UPDATED 20:41 EDT / APRIL 06 2022

SECURITY

Google removes Android apps with spyware linked to US security agencies

Google LLC has reportedly removed dozens of apps from the Google Play Store after researchers found they included software for collecting user data for a company with alleged ties to U.S. security agencies.

The Wall Street Journal reported today that spy software found in the apps came from Panamanian company Measurement Systems S. de R.L. The company is said to be linked through corporate records and web registrations to a Virginia defense contractor who does cybersecurity intelligence, network-defense and intelligence-intercept work for U.S. national-security agencies.

The Journal claims that Management Systems paid developers worldwide to incorporate its software development kit into its apps. The SDK allowed the company to collect data from users of those apps. The company told developers that it specifically wanted data from the Middle East, Central and Eastern Europe and Asia.

The code was found inside several Muslim prayer apps that have been downloaded more than 10 million times, a highway-speed-trap detection app and a number of other popular consumer apps. In total, it’s estimated that apps with the spy software were installed on at least 60 million Android devices.

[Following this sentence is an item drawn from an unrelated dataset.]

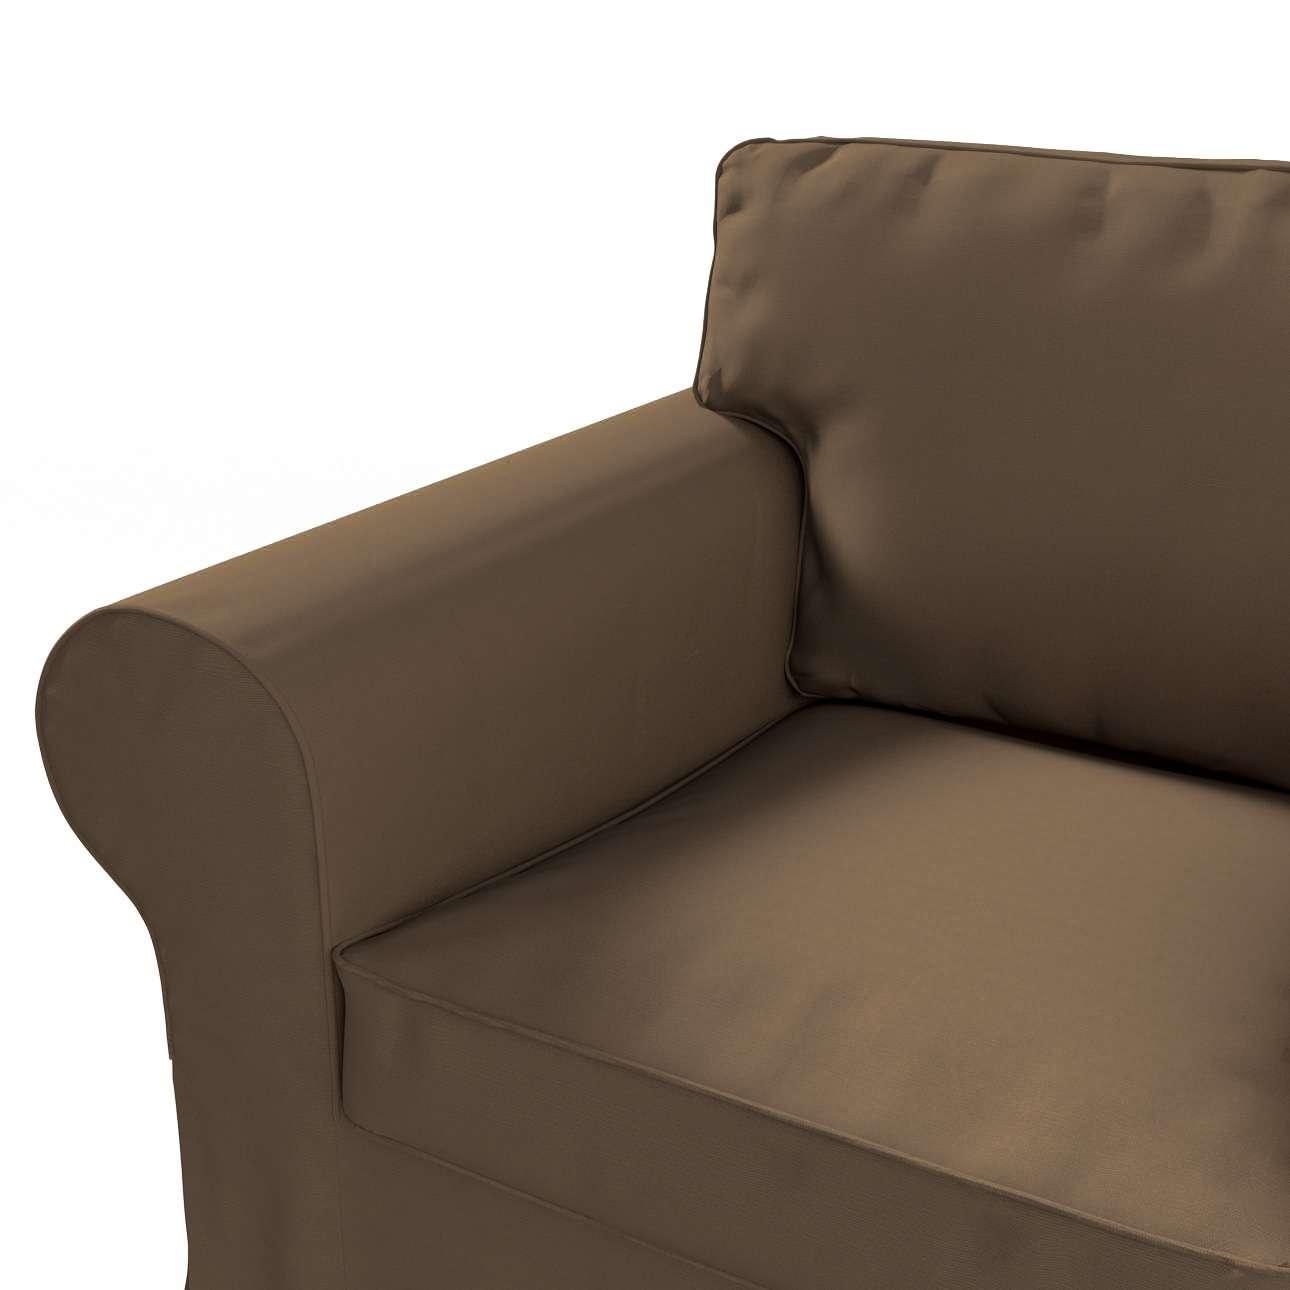 EKTORP fotelio užvalkalas Ektorp fotelio užvalkalas kolekcijoje Cotton Panama, audinys: 702-02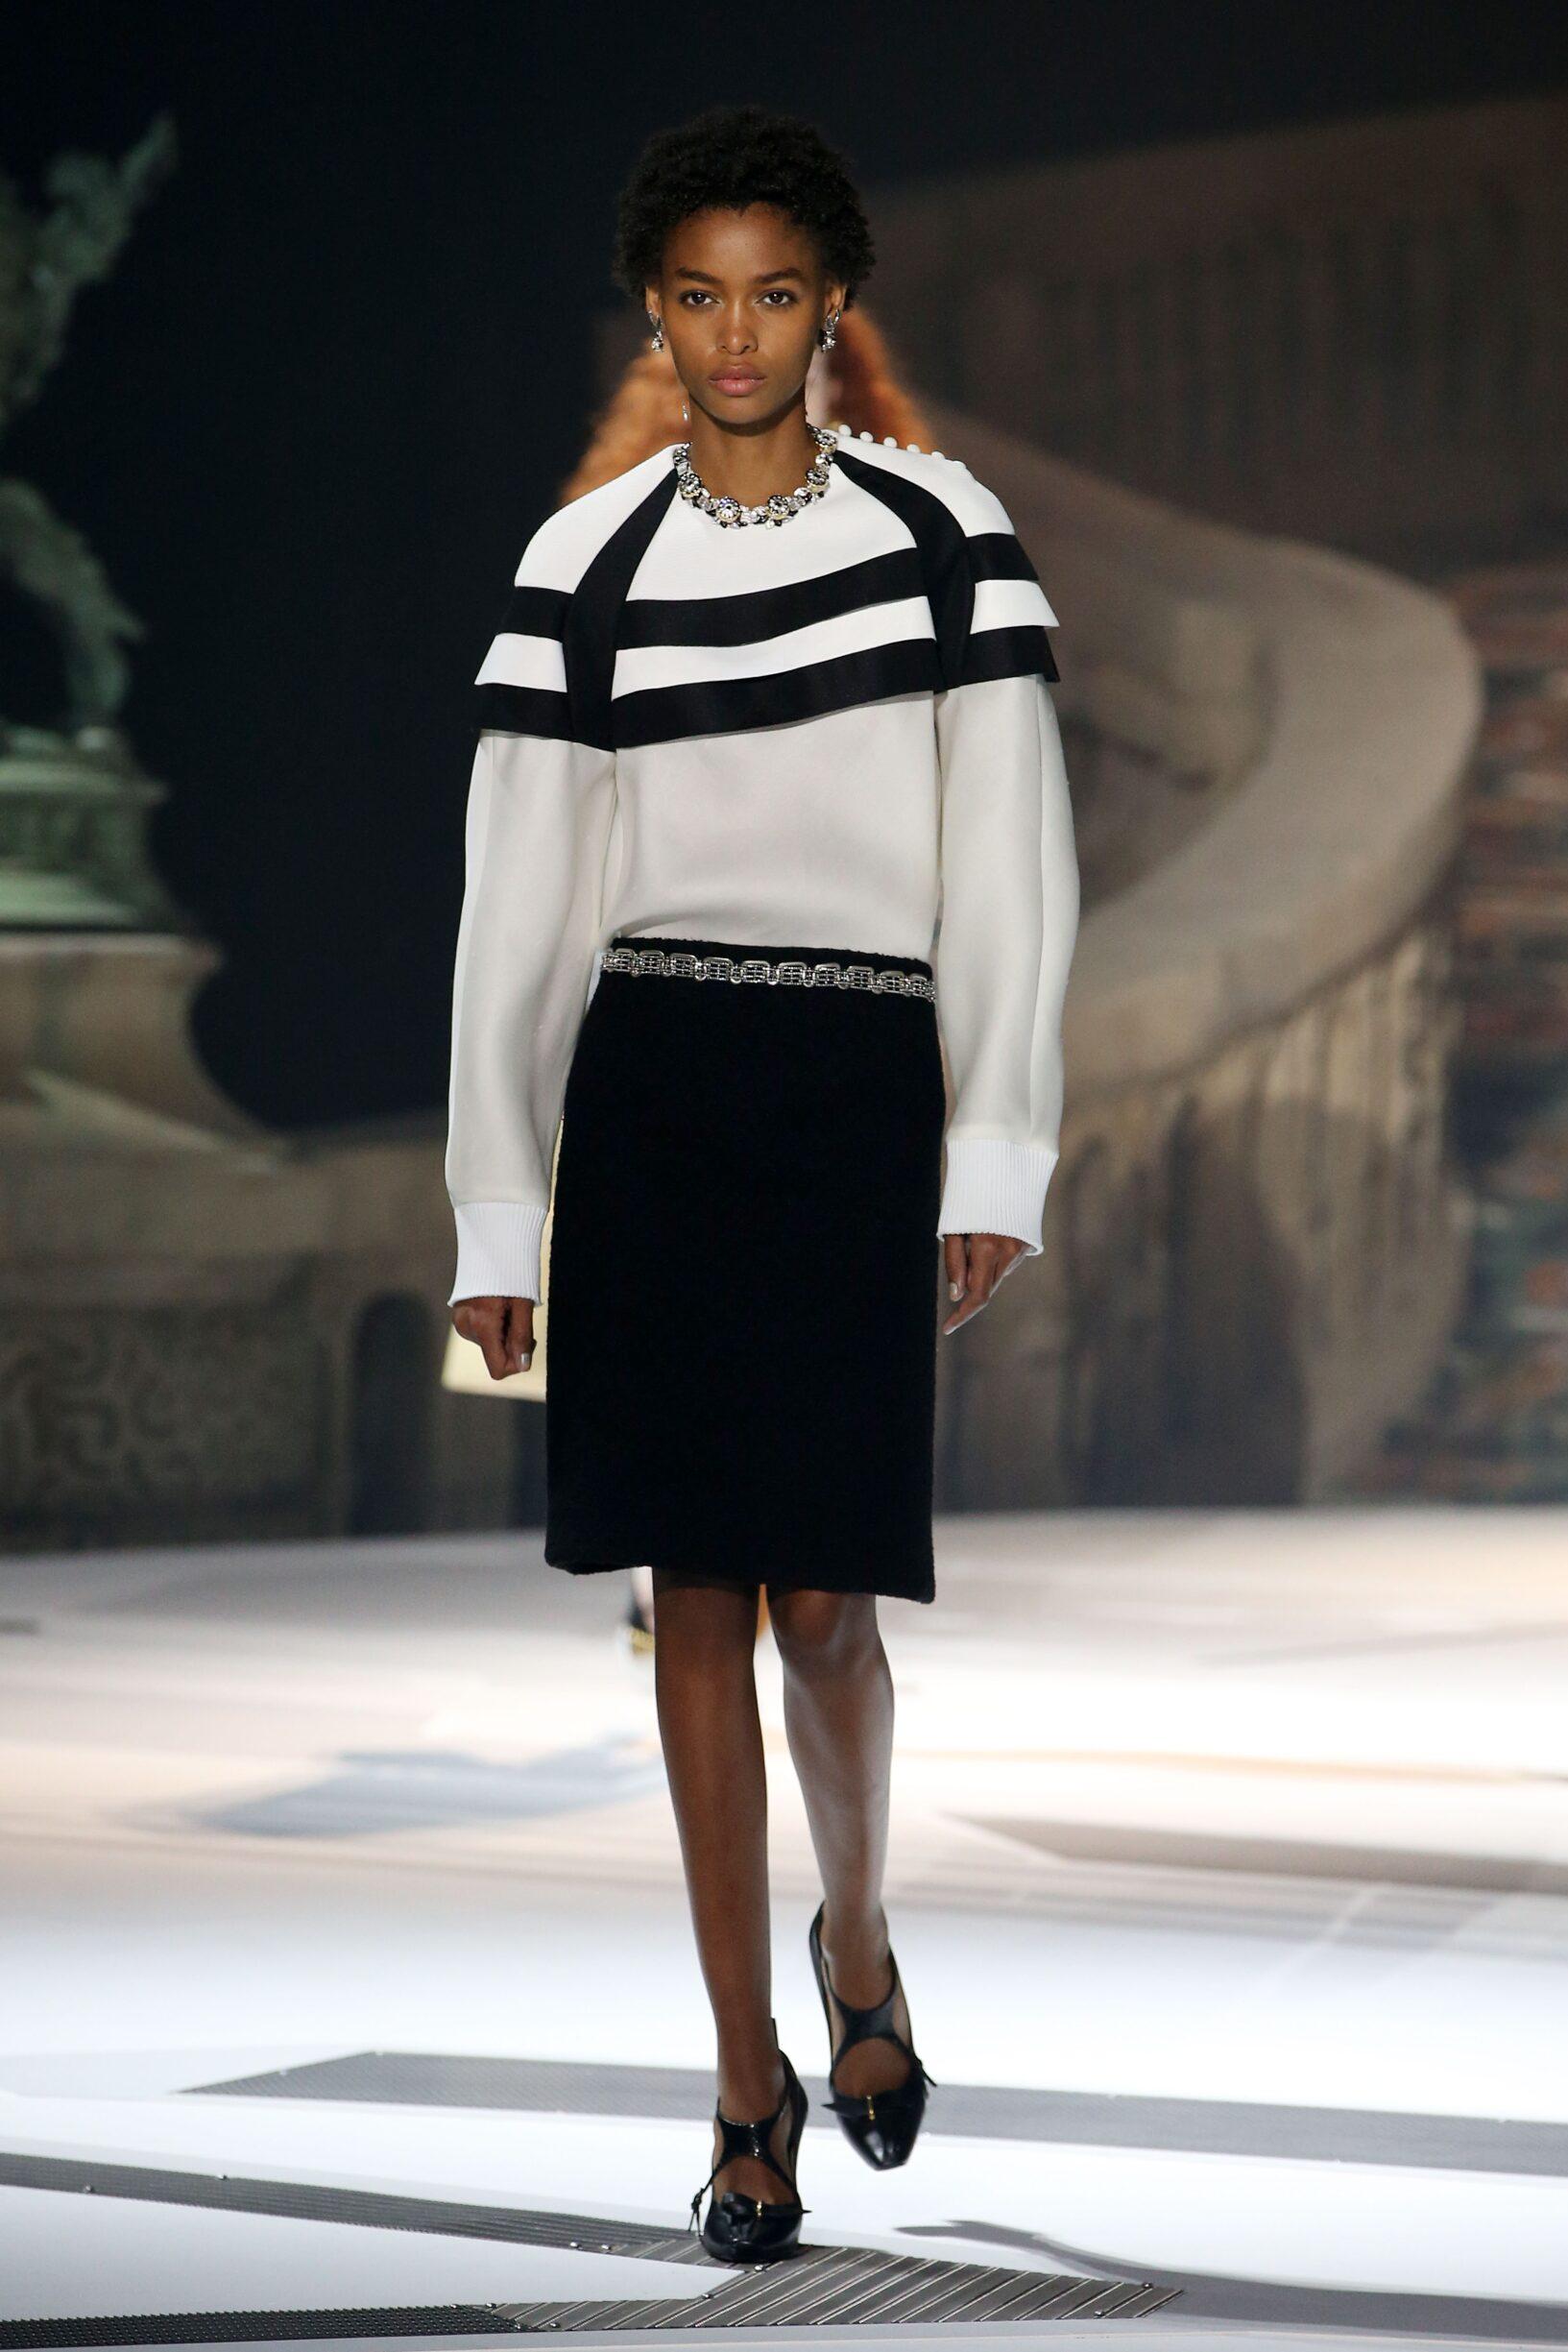 92a44d3753fe FW 2018-19 Fashion Show Louis Vuitton

Serge Egelman, a researcher at the International Computer Science Institute and the University of California at Berkeley and Joel Reardon of the University of Calgary discovered the code and informed Google, federal privacy regulators and the Journal.

The two researchers run a mobile app security company called AppCensus. On the AppCensus blog, Reardon goes into more detail.

The software, described by Reardon as “Coulus Coelib,” receives various forms of data from users running apps with the code included. The software collects phone numbers, email addresses, GPS data and details such as phone identification markers.

The Measurement Systems SDK can also collect information stored in a phone’s clipboard, such as passwords, whenever the cut-and-paste feature is used and also has the ability to scan some parts of the phone’s system, including files stored in the WhatsApp downloads folder. WhatsApp is the most popular messaging app in the world.

“A database mapping someone’s actual email and phone number to their precise GPS location history is particularly frightening, as it could easily be used to run a service to look up a person’s location history just by knowing their phone number or email, which could be used to target journalists, dissidents, or political rivals,” Reardon wrote.

After the researchers informed Google of their findings, the apps running the software were removed from the Google Play Store on March 25. A spokesperson for Google noted that the apps could return to the store if the spy software is removed.

In response to the report, the Defense Department said that it buys “publicly and commercially available data to inform analysis of foreign threats to national security.”

Measurement Systems has denied the report, saying that the accusations are false and it has no links to U.S. defense contractors.